Anti-PD-1/VEGF BsAb is under clinical development by 3SBio and currently in Phase II for Gynecological Cancer. According to GlobalData, Phase II drugs for Gynecological Cancer have a 27% phase transition success rate (PTSR) indication benchmark for progressing into Phase III. GlobalData’s report assesses how Anti-PD-1/VEGF BsAb’s drug-specific PTSR and Likelihood of Approval (LoA) scores compare to the indication benchmarks. Buy the report here.
GlobalData tracks drug-specific phase transition and likelihood of approval scores, in addition to indication benchmarks based off 18 years of historical drug development data. Attributes of the drug, company and its clinical trials play a fundamental role in drug-specific PTSR and likelihood of approval.

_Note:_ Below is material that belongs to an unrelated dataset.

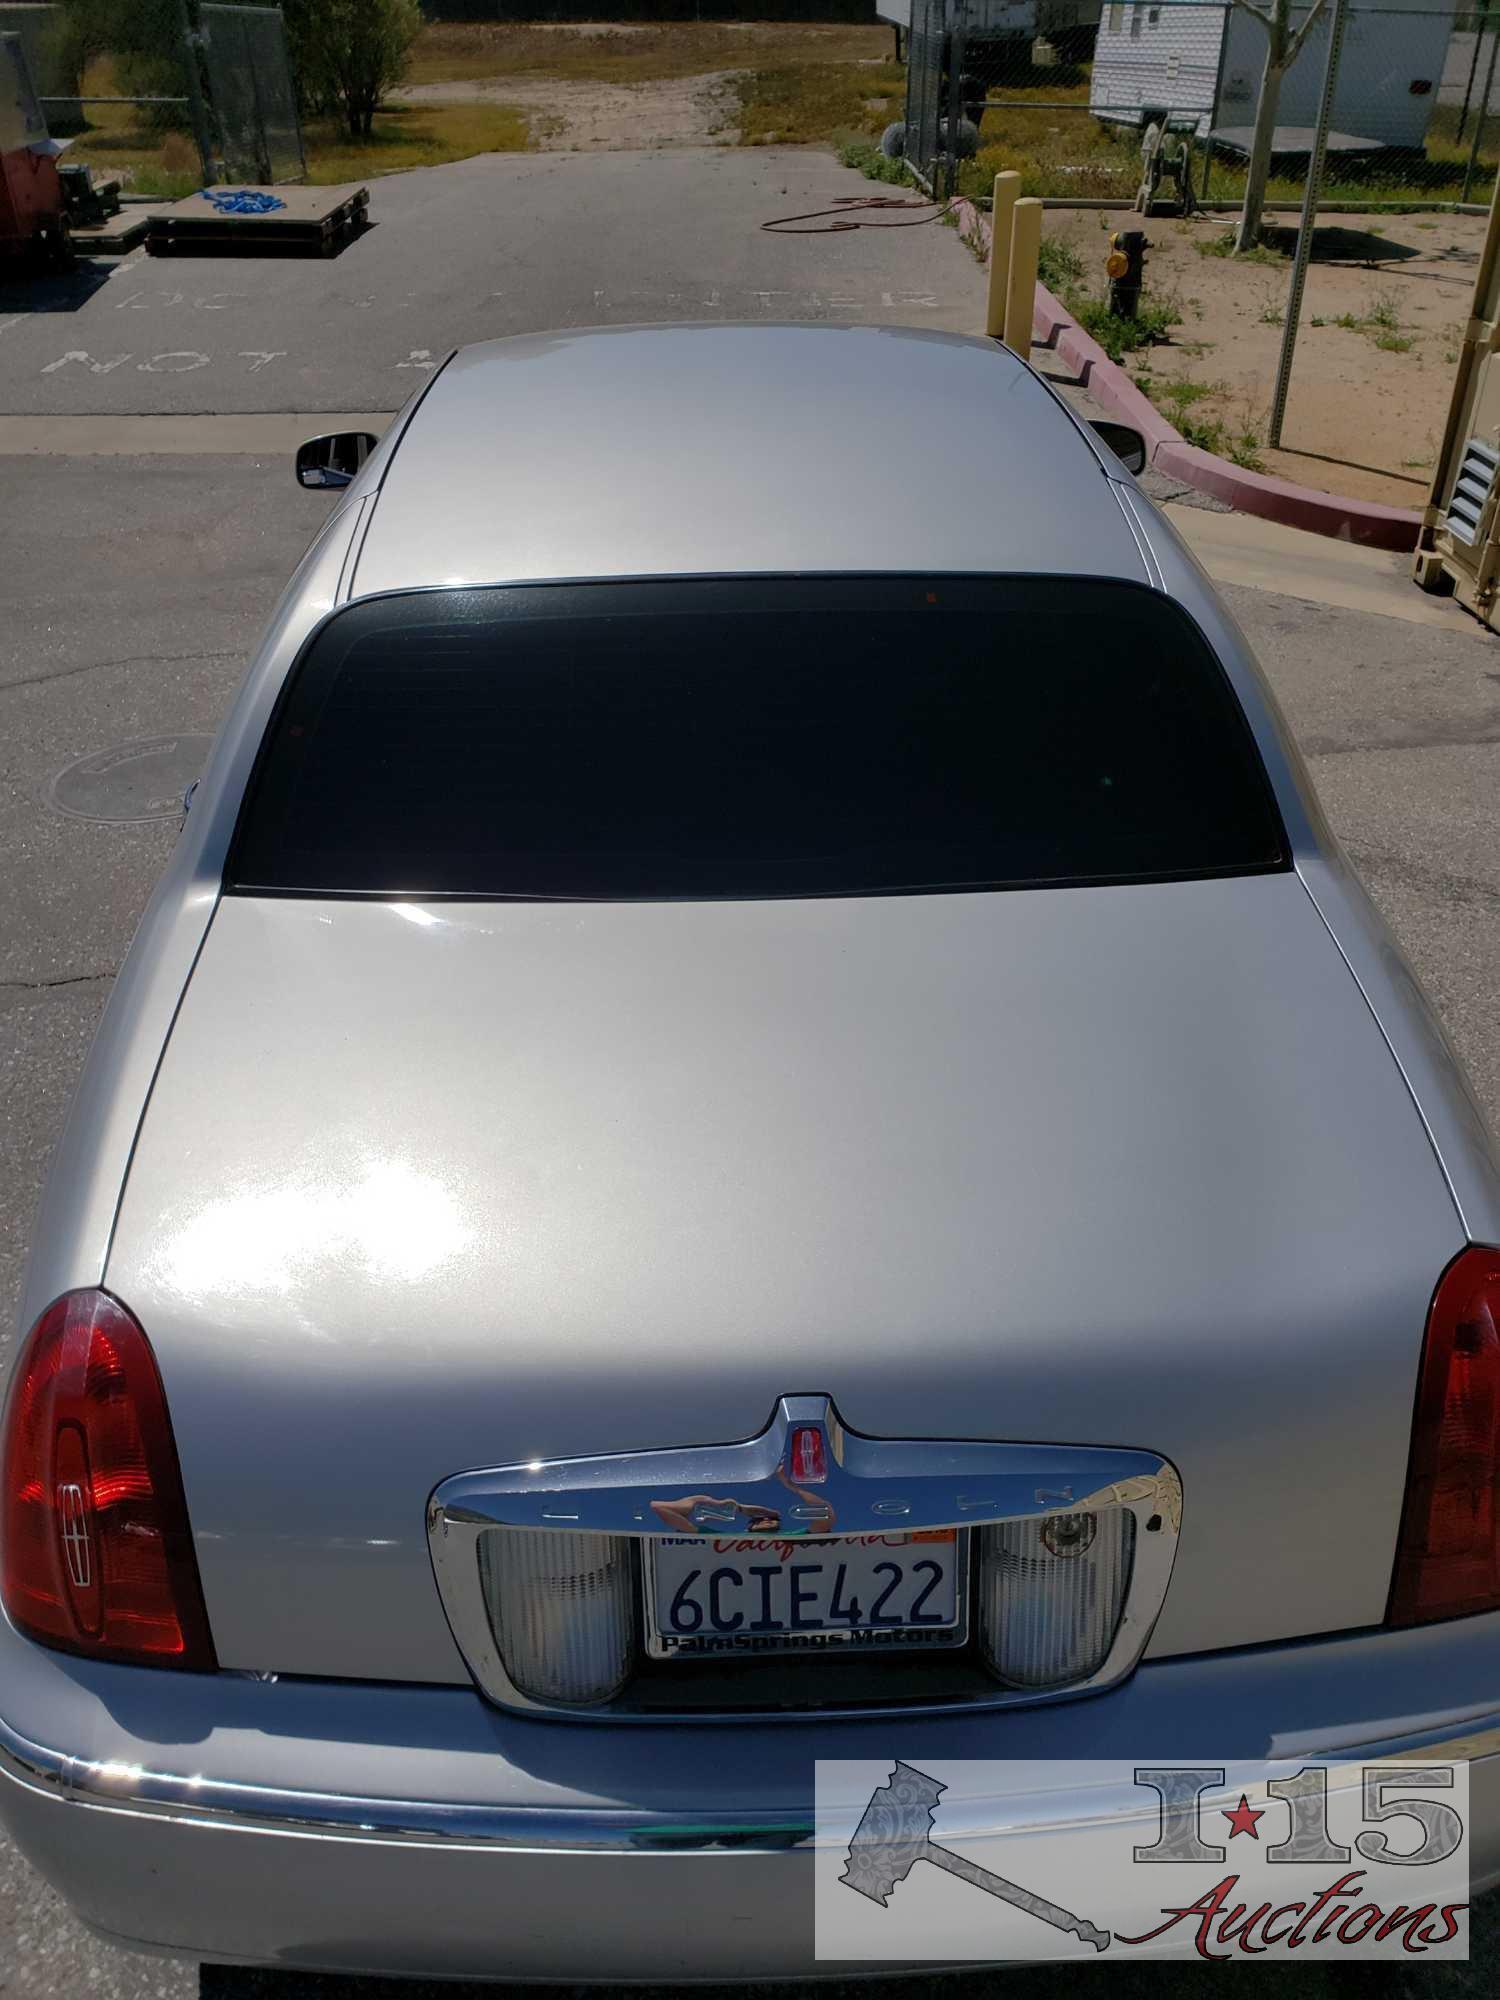 1999 Lincoln Towncar Silver With Current Smog!!

Anti-PD-1/VEGF BsAb overview
The therapeutic candidate is under development for the treatment of advanced or metastatic solid tumors, non-mall cell lung cancer, metastatic colorectal cancer and gynecological tumors. It is being developed based on CLF2 BsAb platform targeting PD1 and VEGF.
3SBio overview
3SBio is a biotechnology company that discovers, develops, manufactures and markets biopharmaceutical products. The company develops recombinant or genetically engineered, protein-based products and other pharmaceutical product candidates to meet significant unmet medical needs in the areas of cancer and its supportive care, hematology, nephrology and dermatology among other disease conditions. The company distributes its products to hospitals, clinics and dialysis centers in China. The company sells its products in various countries including Thailand, Brazil, the Philippines and Pakistan among others. 3SBio is headquartered in Shenyang, Liaoning, China.
For a complete picture of Anti-PD-1/VEGF BsAb’s drug-specific PTSR and LoA scores, buy the report here.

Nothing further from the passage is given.